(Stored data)
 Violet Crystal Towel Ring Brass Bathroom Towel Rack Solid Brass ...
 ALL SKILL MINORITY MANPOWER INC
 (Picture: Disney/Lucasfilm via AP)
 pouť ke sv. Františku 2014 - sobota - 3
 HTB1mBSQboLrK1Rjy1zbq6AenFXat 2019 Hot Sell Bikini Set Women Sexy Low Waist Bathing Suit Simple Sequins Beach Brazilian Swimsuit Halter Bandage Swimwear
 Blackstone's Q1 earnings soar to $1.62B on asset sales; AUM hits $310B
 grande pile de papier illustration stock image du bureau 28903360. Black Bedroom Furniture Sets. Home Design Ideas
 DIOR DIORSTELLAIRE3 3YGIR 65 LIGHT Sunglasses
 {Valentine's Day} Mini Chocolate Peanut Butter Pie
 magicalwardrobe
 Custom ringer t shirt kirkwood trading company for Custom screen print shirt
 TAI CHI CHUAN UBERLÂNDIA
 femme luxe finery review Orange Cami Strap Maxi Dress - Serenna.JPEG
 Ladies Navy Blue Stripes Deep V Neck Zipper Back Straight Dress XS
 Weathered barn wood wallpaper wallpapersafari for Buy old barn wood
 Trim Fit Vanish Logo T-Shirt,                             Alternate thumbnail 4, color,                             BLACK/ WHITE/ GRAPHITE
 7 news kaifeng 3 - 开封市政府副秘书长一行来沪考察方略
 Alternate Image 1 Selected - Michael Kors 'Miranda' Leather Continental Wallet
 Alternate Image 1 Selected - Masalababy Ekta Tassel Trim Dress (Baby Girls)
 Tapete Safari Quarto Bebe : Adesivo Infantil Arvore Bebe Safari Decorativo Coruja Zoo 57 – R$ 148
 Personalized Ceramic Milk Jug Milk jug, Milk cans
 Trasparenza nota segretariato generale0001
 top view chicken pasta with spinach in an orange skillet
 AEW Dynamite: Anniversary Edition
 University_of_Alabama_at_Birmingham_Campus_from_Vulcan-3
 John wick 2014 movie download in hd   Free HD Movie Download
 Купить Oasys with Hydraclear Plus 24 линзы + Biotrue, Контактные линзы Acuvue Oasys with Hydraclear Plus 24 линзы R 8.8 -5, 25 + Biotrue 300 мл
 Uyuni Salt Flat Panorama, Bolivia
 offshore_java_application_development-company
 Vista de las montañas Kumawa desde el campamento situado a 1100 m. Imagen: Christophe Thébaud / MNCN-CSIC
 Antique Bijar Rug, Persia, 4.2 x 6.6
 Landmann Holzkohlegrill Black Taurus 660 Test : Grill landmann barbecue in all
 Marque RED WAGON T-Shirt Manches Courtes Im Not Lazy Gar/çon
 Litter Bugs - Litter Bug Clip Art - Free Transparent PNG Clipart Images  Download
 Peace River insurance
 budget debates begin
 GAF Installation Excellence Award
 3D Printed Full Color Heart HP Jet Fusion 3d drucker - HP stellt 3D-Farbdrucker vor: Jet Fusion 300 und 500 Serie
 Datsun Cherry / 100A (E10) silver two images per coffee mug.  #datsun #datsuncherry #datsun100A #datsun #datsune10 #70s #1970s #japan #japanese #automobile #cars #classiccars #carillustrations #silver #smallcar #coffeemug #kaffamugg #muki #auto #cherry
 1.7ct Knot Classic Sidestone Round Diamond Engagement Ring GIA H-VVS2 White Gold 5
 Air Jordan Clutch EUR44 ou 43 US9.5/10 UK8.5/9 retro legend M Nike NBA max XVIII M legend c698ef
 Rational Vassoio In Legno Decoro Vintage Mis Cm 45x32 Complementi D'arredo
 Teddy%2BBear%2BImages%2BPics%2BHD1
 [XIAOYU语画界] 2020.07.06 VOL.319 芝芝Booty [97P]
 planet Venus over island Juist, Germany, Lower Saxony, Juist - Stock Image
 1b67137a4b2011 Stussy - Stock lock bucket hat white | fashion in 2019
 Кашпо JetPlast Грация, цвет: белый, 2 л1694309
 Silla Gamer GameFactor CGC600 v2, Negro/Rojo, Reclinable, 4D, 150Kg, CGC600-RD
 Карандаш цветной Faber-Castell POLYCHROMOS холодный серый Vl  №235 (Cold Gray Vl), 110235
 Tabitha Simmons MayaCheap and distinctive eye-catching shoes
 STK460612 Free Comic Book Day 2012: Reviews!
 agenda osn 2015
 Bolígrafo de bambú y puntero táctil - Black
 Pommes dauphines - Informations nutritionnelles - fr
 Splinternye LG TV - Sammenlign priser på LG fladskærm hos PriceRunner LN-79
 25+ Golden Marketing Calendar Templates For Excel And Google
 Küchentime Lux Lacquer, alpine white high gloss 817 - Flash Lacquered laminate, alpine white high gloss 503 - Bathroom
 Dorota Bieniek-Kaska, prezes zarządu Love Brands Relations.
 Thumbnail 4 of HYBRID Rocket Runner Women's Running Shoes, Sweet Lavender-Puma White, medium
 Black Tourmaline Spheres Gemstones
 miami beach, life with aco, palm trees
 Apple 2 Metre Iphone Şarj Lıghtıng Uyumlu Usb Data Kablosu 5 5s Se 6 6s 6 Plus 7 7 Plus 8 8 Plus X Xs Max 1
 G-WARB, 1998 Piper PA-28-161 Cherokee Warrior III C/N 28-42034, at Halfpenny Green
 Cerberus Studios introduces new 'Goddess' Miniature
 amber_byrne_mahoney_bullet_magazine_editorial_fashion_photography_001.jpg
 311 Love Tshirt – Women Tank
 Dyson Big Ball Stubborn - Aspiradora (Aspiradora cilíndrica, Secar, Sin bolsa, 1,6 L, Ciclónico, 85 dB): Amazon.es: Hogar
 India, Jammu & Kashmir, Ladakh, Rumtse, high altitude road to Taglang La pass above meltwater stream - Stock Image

_ASSIGNED TASK_
Give back exactly the lines above, from the line containing "budget debates begin" through the line containing "agenda osn 2015", with both end lines and nothing more.

_EXERCISE ANSWER_
 budget debates begin
 GAF Installation Excellence Award
 3D Printed Full Color Heart HP Jet Fusion 3d drucker - HP stellt 3D-Farbdrucker vor: Jet Fusion 300 und 500 Serie
 Datsun Cherry / 100A (E10) silver two images per coffee mug.  #datsun #datsuncherry #datsun100A #datsun #datsune10 #70s #1970s #japan #japanese #automobile #cars #classiccars #carillustrations #silver #smallcar #coffeemug #kaffamugg #muki #auto #cherry
 1.7ct Knot Classic Sidestone Round Diamond Engagement Ring GIA H-VVS2 White Gold 5
 Air Jordan Clutch EUR44 ou 43 US9.5/10 UK8.5/9 retro legend M Nike NBA max XVIII M legend c698ef
 Rational Vassoio In Legno Decoro Vintage Mis Cm 45x32 Complementi D'arredo
 Teddy%2BBear%2BImages%2BPics%2BHD1
 [XIAOYU语画界] 2020.07.06 VOL.319 芝芝Booty [97P]
 planet Venus over island Juist, Germany, Lower Saxony, Juist - Stock Image
 1b67137a4b2011 Stussy - Stock lock bucket hat white | fashion in 2019
 Кашпо JetPlast Грация, цвет: белый, 2 л1694309
 Silla Gamer GameFactor CGC600 v2, Negro/Rojo, Reclinable, 4D, 150Kg, CGC600-RD
 Карандаш цветной Faber-Castell POLYCHROMOS холодный серый Vl  №235 (Cold Gray Vl), 110235
 Tabitha Simmons MayaCheap and distinctive eye-catching shoes
 STK460612 Free Comic Book Day 2012: Reviews!
 agenda osn 2015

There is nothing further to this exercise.